EXERCISE BRIEF - Can you copy out the data exactly? Leave the images out.

EXERCISE DATA -
┄┄┄┄┄┄

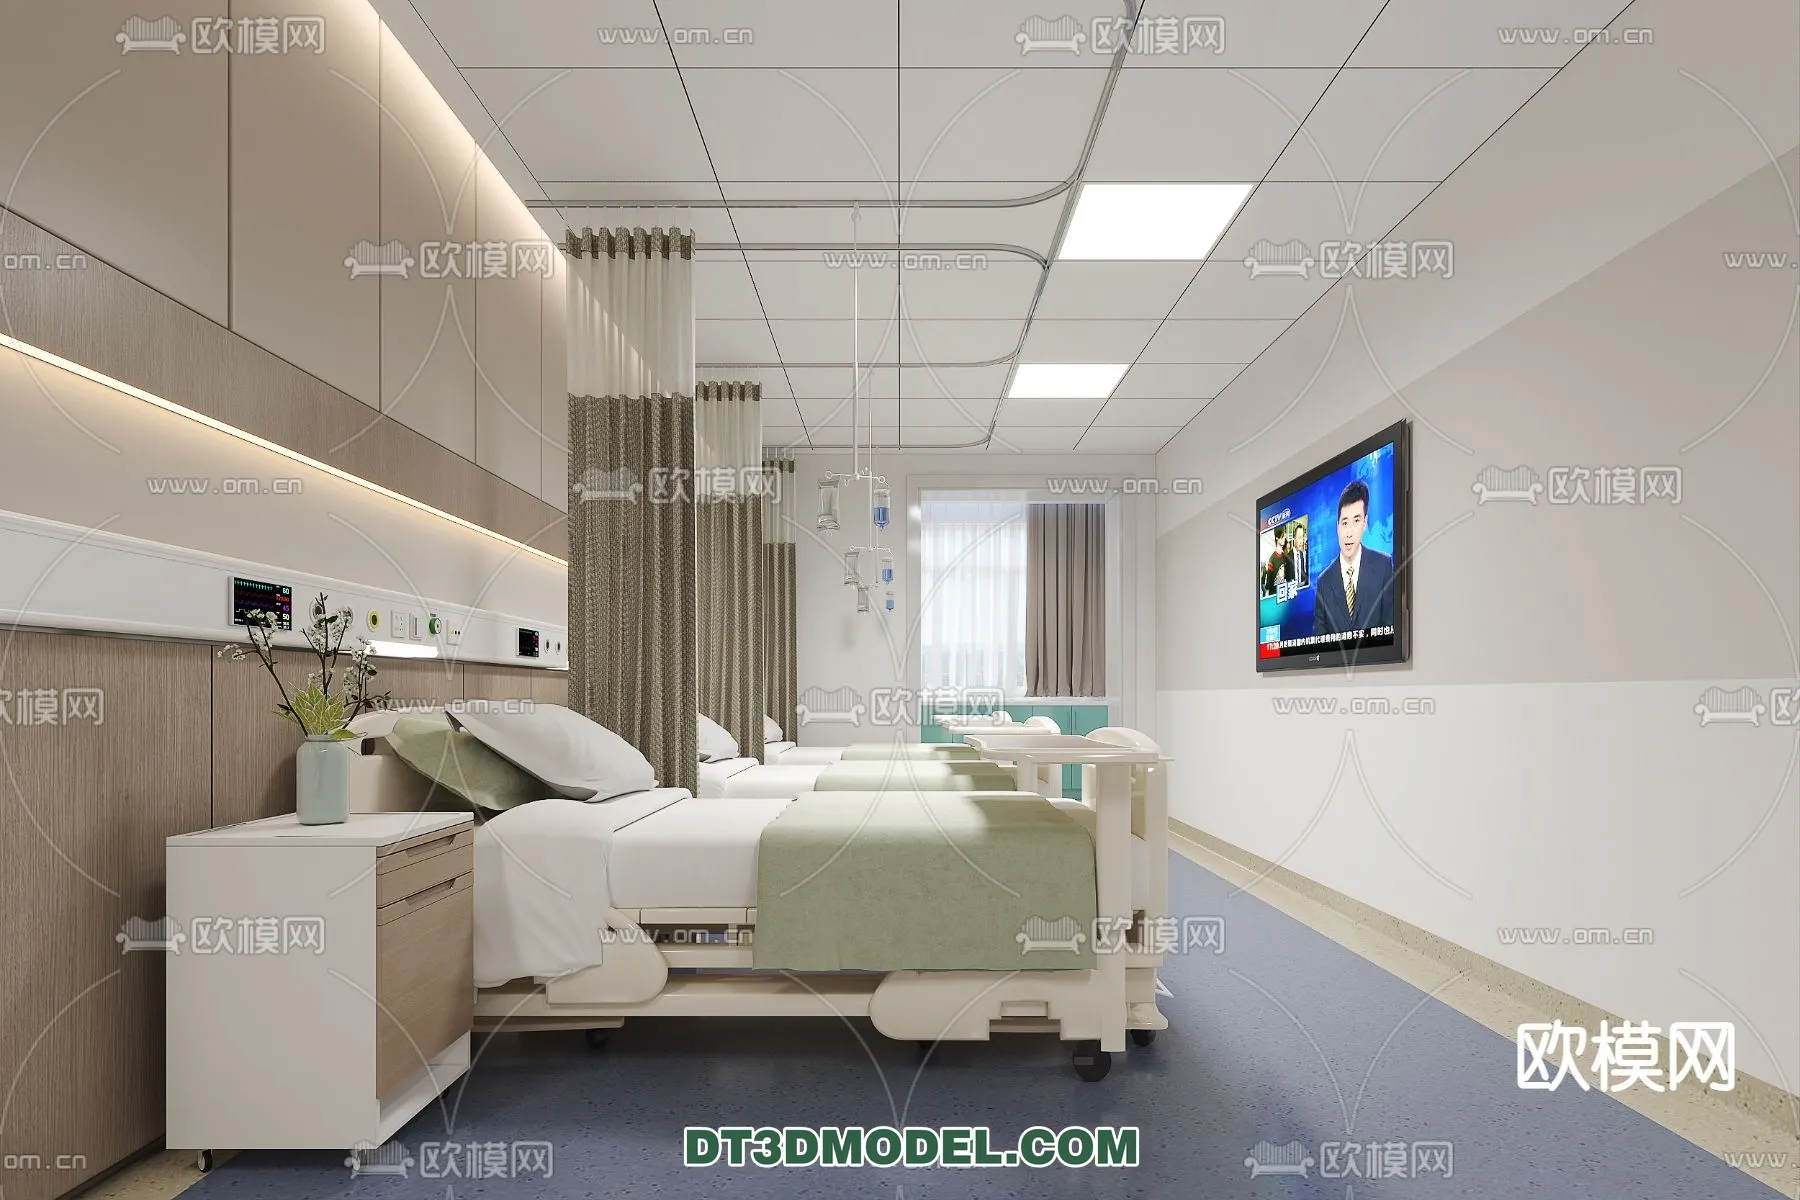 HOSPITAL 3D SCENES – MODERN – 0145
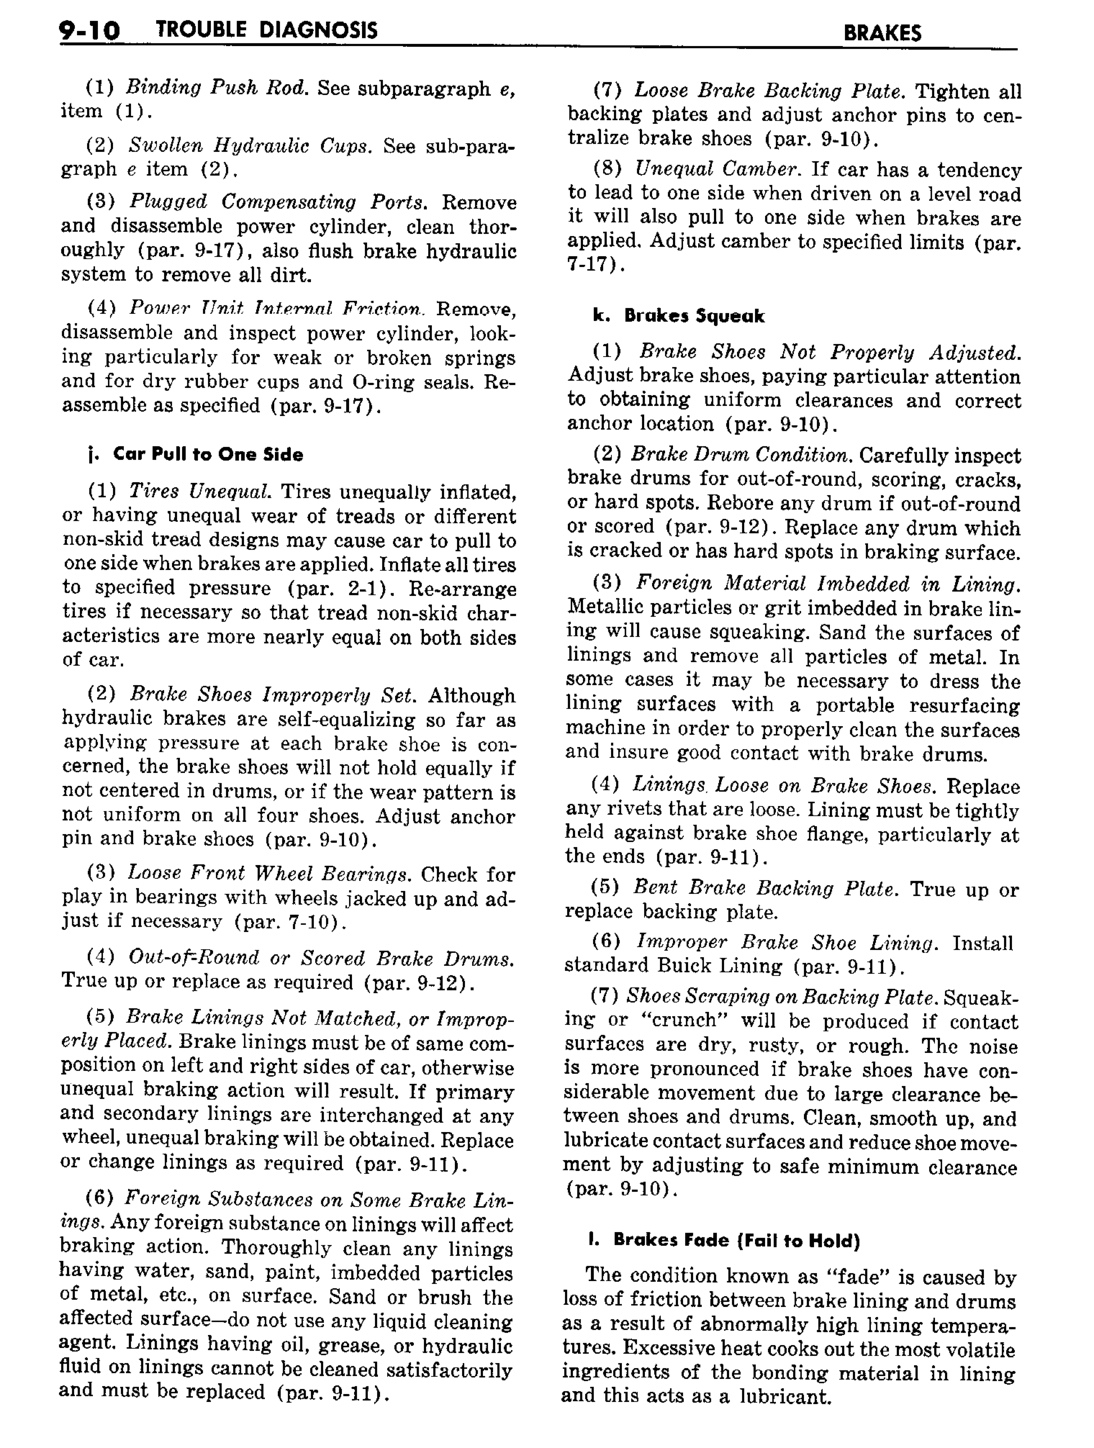 n_10 1960 Buick Shop Manual - Brakes-010-010.jpg
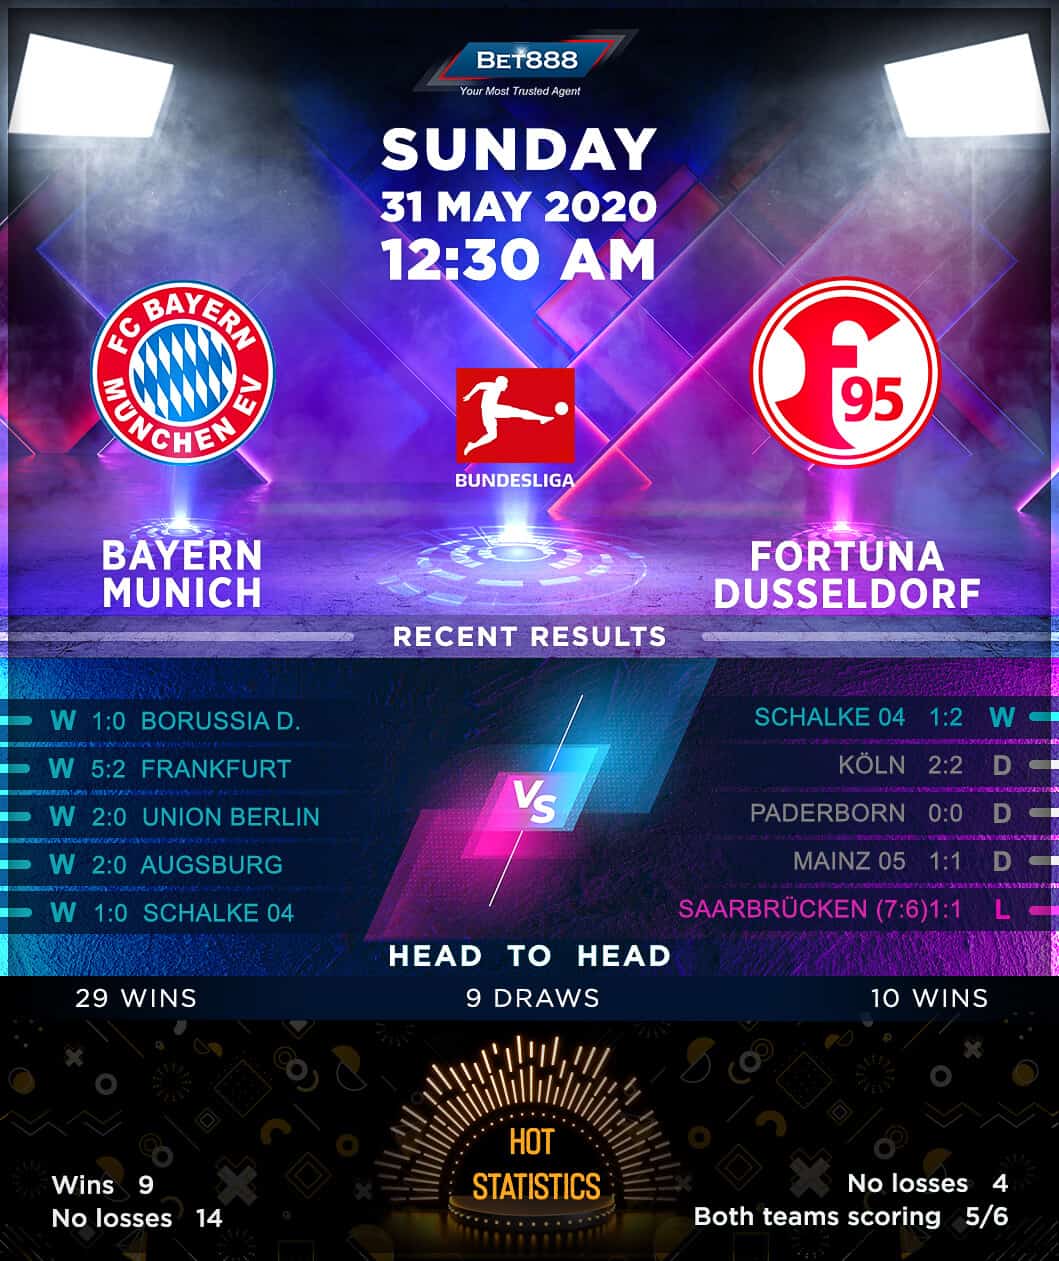 Bayern Munich vs Fortuna Dusseldorf 31/05/20

┄┄┄┄┄┄

TASK ANSWER -
 HOSPITAL 3D SCENES – MODERN – 0145
 n_10 1960 Buick Shop Manual - Brakes-010-010.jpg
 Bayern Munich vs Fortuna Dusseldorf 31/05/20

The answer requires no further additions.